EXERCISE DIRECTIONS - Would you please copy the part of the material below that opens with the line containing "Indian elephant from" and closes with the line containing "Beach-Guide Menorca: Die"? Copy it exactly, and only it.

RECORDED DATA -
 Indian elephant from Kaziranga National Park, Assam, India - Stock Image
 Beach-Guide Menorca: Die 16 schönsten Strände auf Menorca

==

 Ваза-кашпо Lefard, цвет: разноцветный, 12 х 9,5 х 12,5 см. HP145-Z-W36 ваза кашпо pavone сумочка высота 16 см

EXPECTED ANSWER -
 Indian elephant from Kaziranga National Park, Assam, India - Stock Image
 Beach-Guide Menorca: Die 16 schönsten Strände auf Menorca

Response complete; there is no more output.